Quick Answer: Artists and composers have deliberately incorporated randomness into creative work since the mid-20th century. John Cage used the I Ching to compose music. Dada artists used chance operations for poetry. Today, algorithmic and generative art uses PRNG to create infinite unique visual and audio compositions.
John Cage and Music of Changes
American composer John Cage was the most influential proponent of chance operations in music. His "Music of Changes" (1951) was composed by consulting the I Ching (Chinese divination text using coin tosses or yarrow sticks) to determine pitches, durations, tempos, and dynamics. Cage believed randomness freed music from personal expression, allowing it to exist independently of the composer's ego.
Dada: Chance Operations in Poetry
The Dada art movement (1916) used chance operations as a reaction against rationalism. Tristan Tzara's "cut-up" method involved cutting words from newspaper articles and drawing them randomly from a bag to create poetry. William S. Burroughs later popularized the cut-up technique. The method produced jarring, unpredictable juxtapositions that revealed hidden connections.

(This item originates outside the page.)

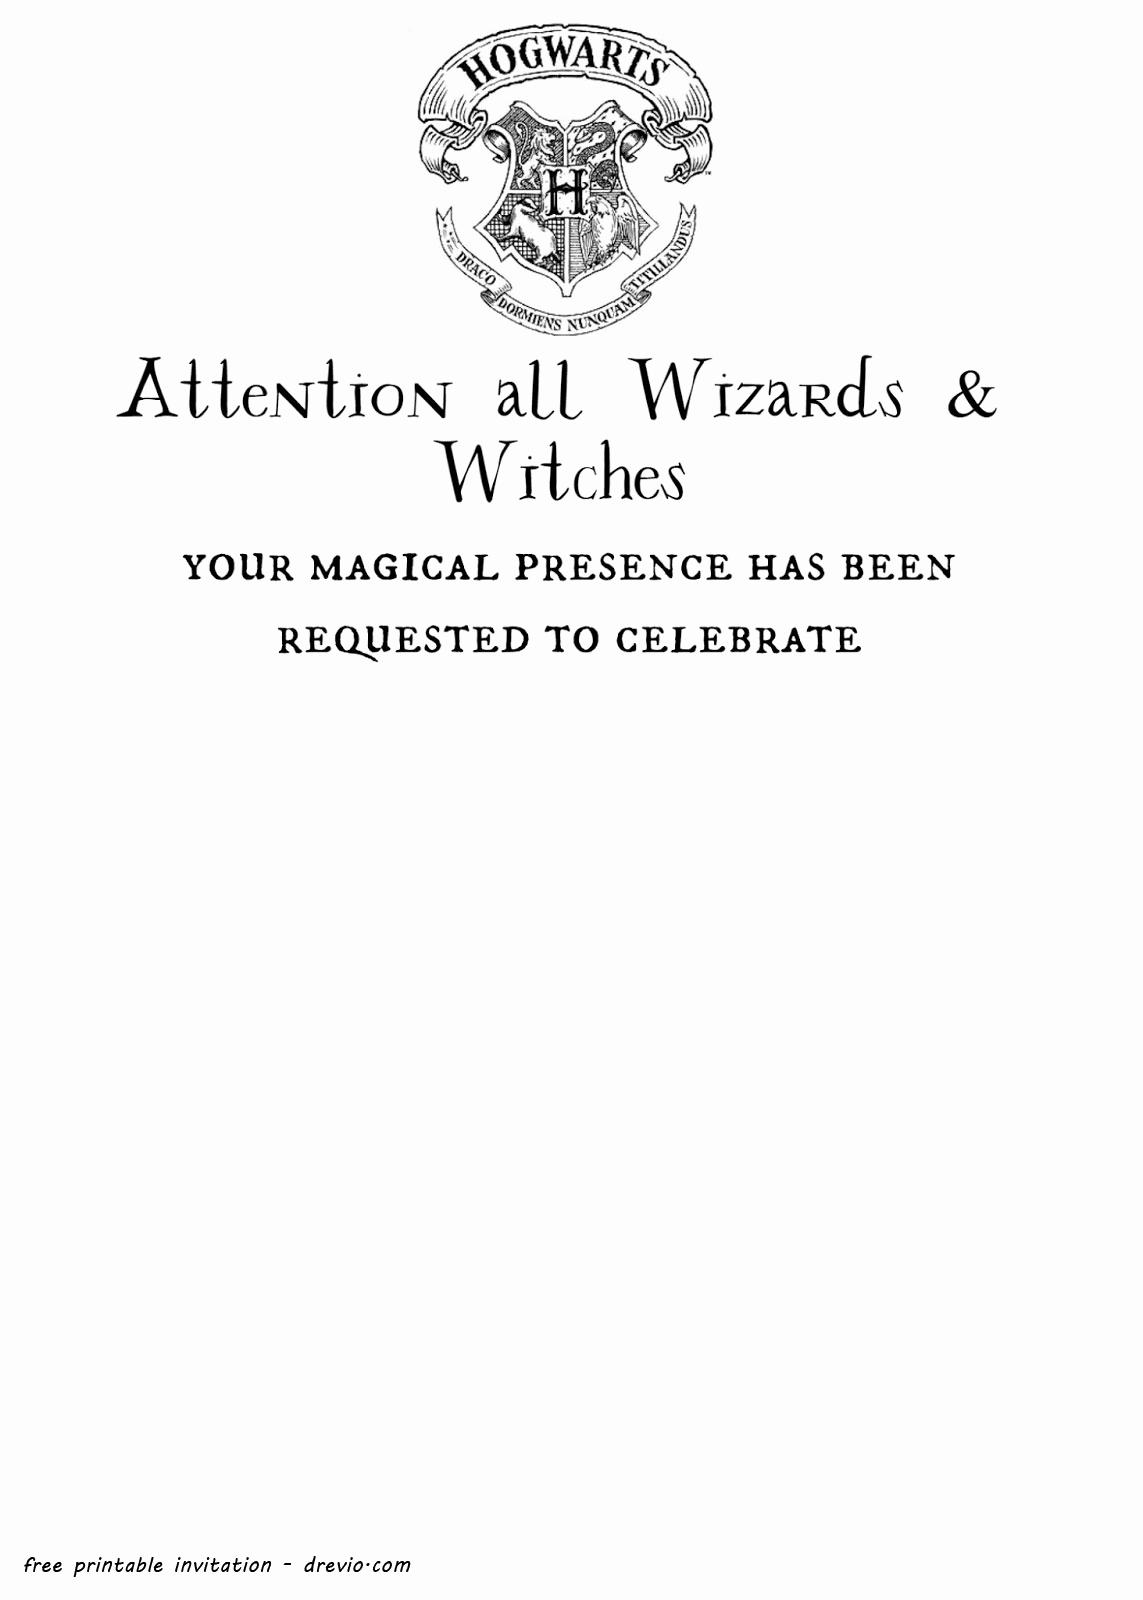 Free Printable Invitation Templates New Free Printable Harry Potter Hogwarts Invitation Template

Generative and Algorithmic Art
Modern generative art uses code and random number generators to create visual works. Artists define rules and parameters; the algorithm generates infinite unique variations. Sol LeWitt's instruction-based art used random elements. Computer artists like Casey Reas use Processing (a creative coding language) to generate visual works from PRNG-controlled rules.
Stochastic Music (Iannis Xenakis)
Greek composer Iannis Xenakis developed "stochastic music" in the 1950s — using statistical and probability theories (Poisson distributions, Markov chains) to compose. His "Metastaseis" and "Pithoprakta" pieces were composed using mathematical randomness applied to pitch, density, and gesture — anticipating algorithmic composition by decades.